From your point of view, what are Romania’s strengths compared to other countries in Europe?

Romania, like many countries in the region, has registered lower FDI levels over the past couple of years. Investors, regardless of their country of origin, have been more prudent in their decisions and competition between states for attracting capital, sharper. At the same time, any investor’s appetite is directly conditional upon a transparent, predictable and level playing field business environment. U.S. businesses are interested to see a stable economy and consistent policies aimed at long term-strategic vision and increasing the country’s competitiveness, on top of the traditional market advantages that Romania enjoys – size, strategic position, wealth of natural resources, skilled labor force, etc, but which can no longer sustain a steady inflow of investments in the new global economic context in the absence of a viable integrated country model for the future.


U.S.A. are some of the most important investors in Romania for many years already. From the data available now, how the economic relations (trade statistics) between the two countries look like?

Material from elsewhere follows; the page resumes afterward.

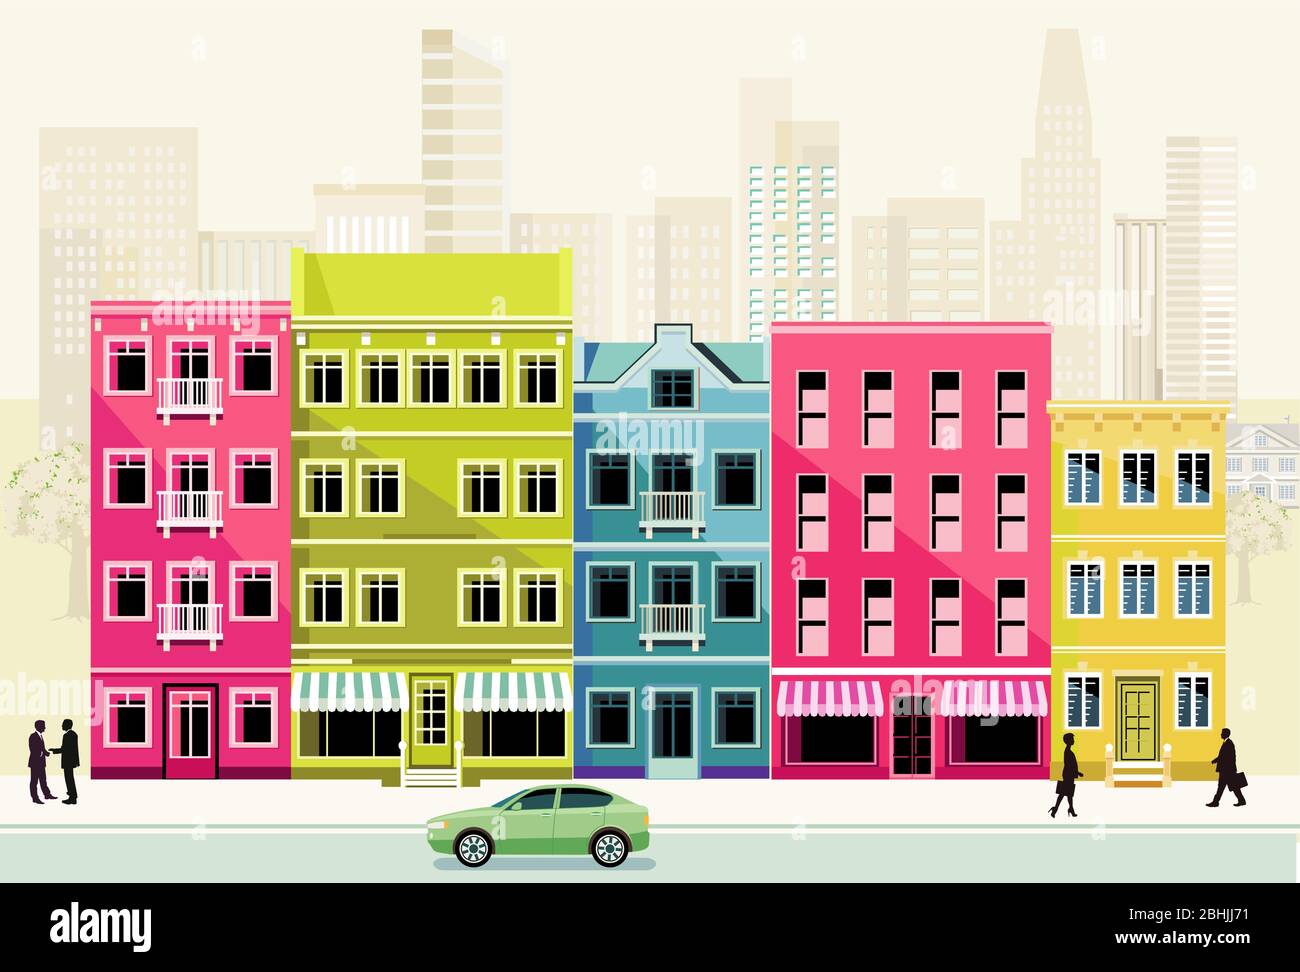 City with colorful houses and pedestrians Stock Vector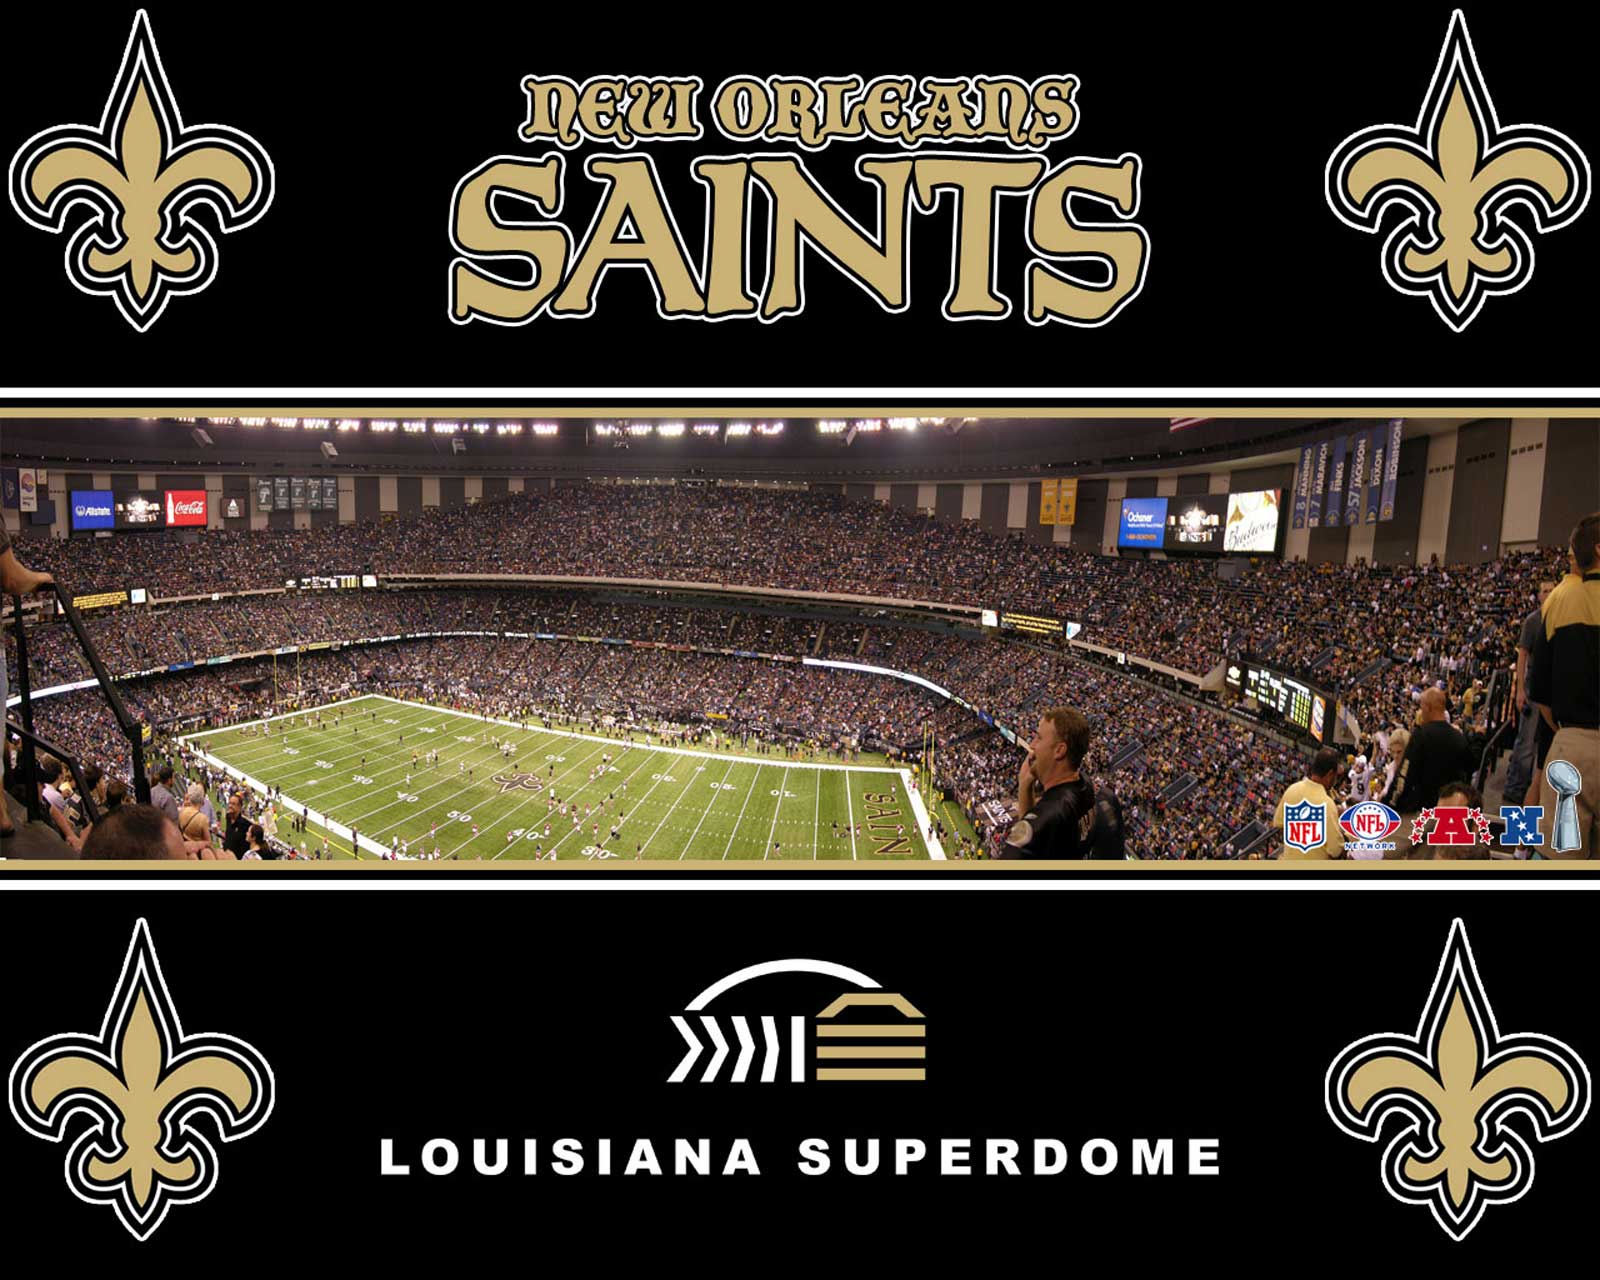 New Orleans Saints wallpapers HD image

The statistics of the U.S. Census Bureau reveal a relatively stable evolution in terms of U.S trade in goods with Romania when comparing Q1 2014 with Q1 2015.

Thus, after the first four months of this year, U.S. trade in goods with Romania shows that the exports reached USD 290.5 million, increasing compared to the same period last year – USD 281.5 million. The imports also grew from USD 672.6 million in January – April period in 2014 to USD 679.7 million at end-April this year.

We are confident that continued efforts to improve internal investment and regulatory climate are likely to positively influence trade relations between the two countries. Moreover, as already mentioned, the TTIP will contribute to increasing trade between the EU member states and the U.S. and if adopted in due time, the first results should be visible beginning with 2017.


Although, your mandate as President of AmCham has recently begun, respectively this March, you earned 18 years of business and management advisory experience with KPMG in Romania and CEE. So you know very well the domestic business environment. Have you noticed any changes in all these years? In your opinion, what local authorities should make to open more its doors to foreign investors?

The global economic outlook is certainly challenging for all countries, including Romania. In such a context, policy makers need to better explore new growth paths and conduct consistent, systemic reform processes to unlock new opportunities for economic development that can maintain the optimistic perspectives on Romania.

The first quarter of 2015 revealed positive FDI inflows which is a good signal for the market but which needs to be coupled with increased investments from other sources such as the EU financing, capital markets, public funding, all directed to strategic sectors for visible results on the short to medium term.

We believe that a predictable, level playing field and stable business, political and legislative environment is key to the progress of Romania. I mention the importance of the Good Governance Measures Action Plans 1 and 2 adopted by the Romanian Government in 2014 and 2015 which are expected to have a positive impact once fully implemented.

I strongly believe and AmCham’s view is that Romania needs a long-term strategic country project focused on competitiveness and value differentiators. We promote this concept and invite stakeholders to align and contribute to such essential exercise.